Originally Posted by Ungeheuer
That is one random, harebrained analysis. Among other things the whole premise is absurd because the two teams each had several different regimes during that period. So to draw conclusions about a general drafting strategy is a non-starter. What kind of conclusion can one possibly make about the overall tendencies of some random combination of Bobby Grier and Bill Belichick draft picks?
I have to agree. This is further proof that, given a large enough and diverse enough sample size, you can statistically prove anything.
Some of these strategies are absurd. Take players close to the neighborhood? Well that is easily done when you are in the vicinity of the likes of USC, Cal, UCLA and Fresno St. instead of the notoriously apathetic to college sports region of New England. Take players from BSC conferences? Well duh. Don't waste draft picks of P and K? Again, duh.
A better comparison of the drafts of teams like New England and San Francisco would be to debate need vs. value and ceiling vs. security when evaluating a player.
The Niners of the past decade have been notorious for moving valuable 2nd round picks to move into the later parts of round 1 to take borderline talents. These are often panic moves to fill a need. Examples include Kentwaan Balmer, Joe Staley, Mike Rumph, Kwame Harris and Rashawn Woods.

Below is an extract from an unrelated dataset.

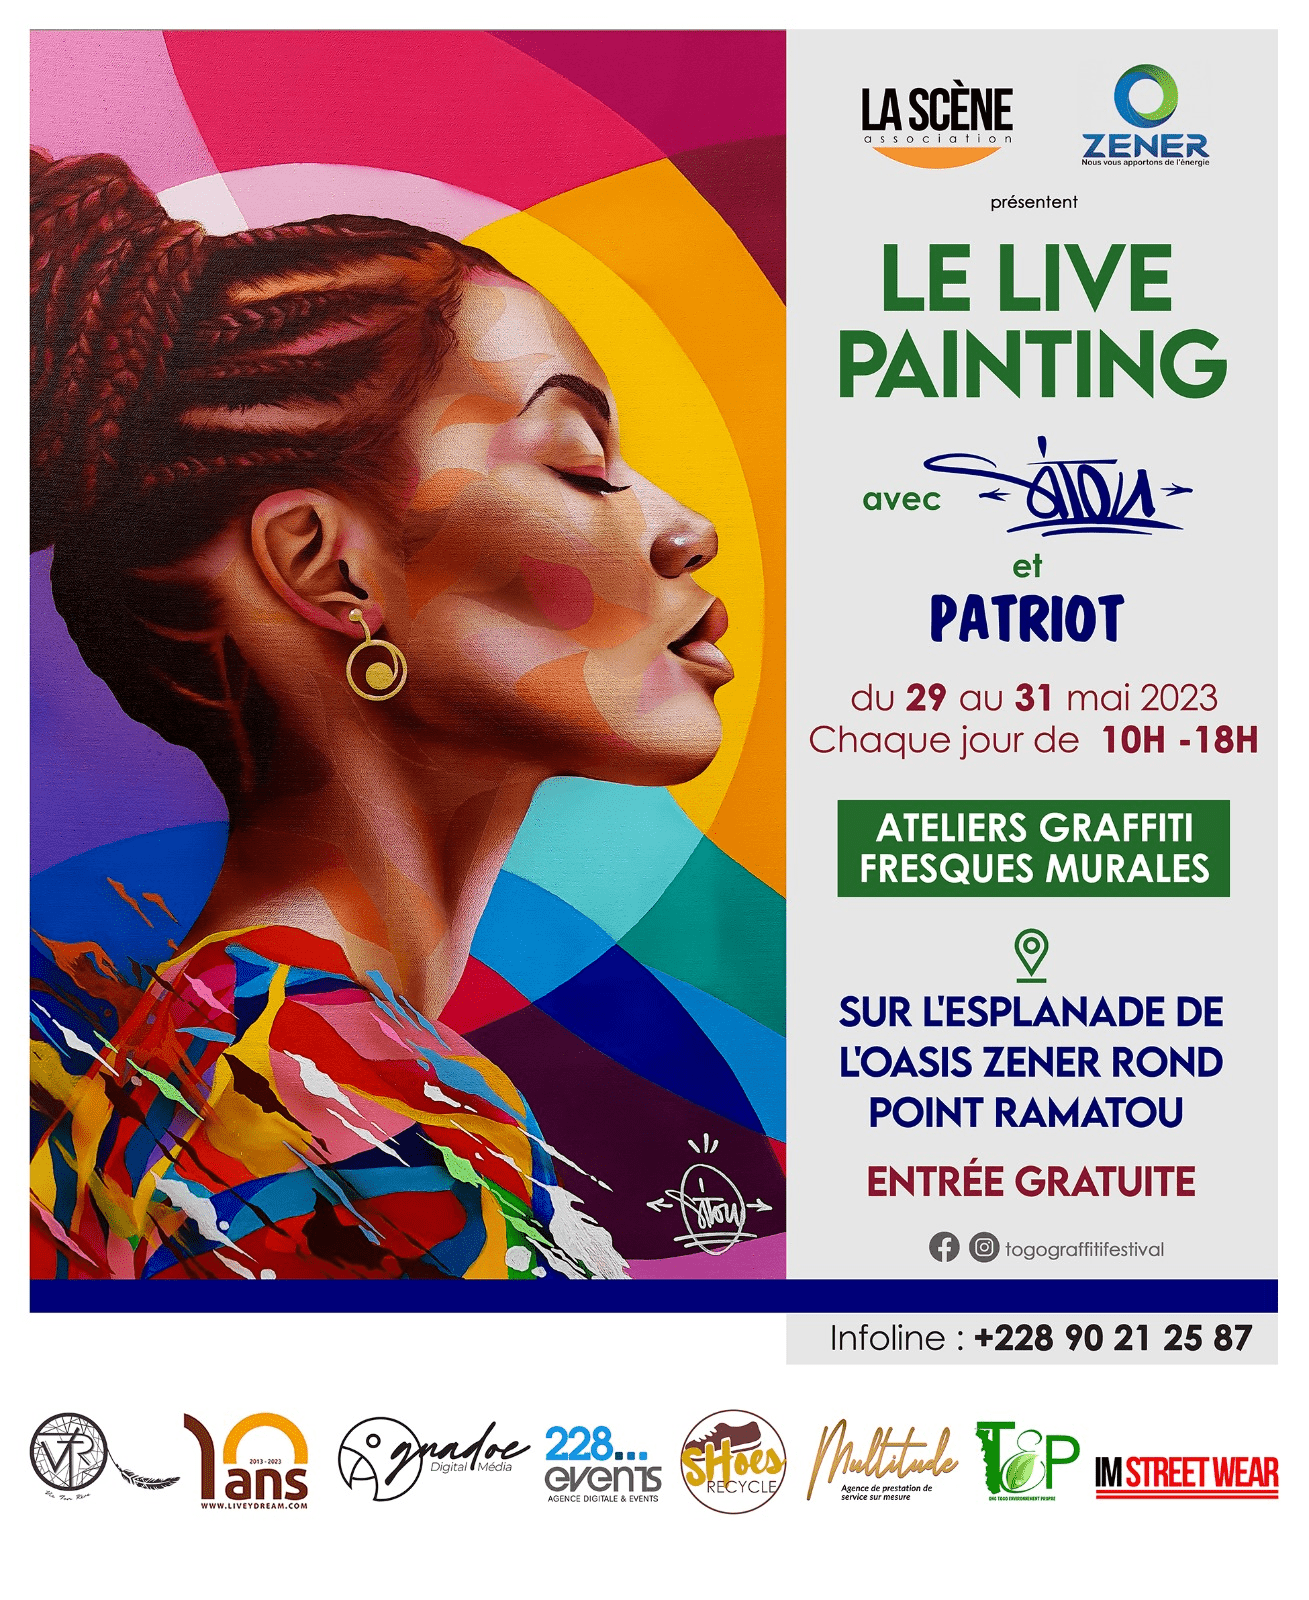 Togo - Art : L'Espace Oasis de Zener accueille du live painting

They also have been notorious for overlooking production in round 1 in favor of riskier athletic freak types (which, actually, IS pulling an Al Davis). Examples include Alex Smith and Vernon Davis.
I would say the reason the Niners have failed is because they consistently fail to bring in impact players in round 1. Compare a list 1st round picks on the current roster with first round picks on the current Patriots roster.
Niners: Balmer, Staley, Willis, David, Smith. Of the 5, only Willis and to a lesser extent Staley have had any real impact.
Pats: Mayo, Meriweather, Maroney, Watson, Mankins, Wilfork, Warren, Seymour. Almost every player on the list is a pro bowler or an ascending player. Even the disappointments (Maroney and Watson) have outperformed most of their 49er contemporaries.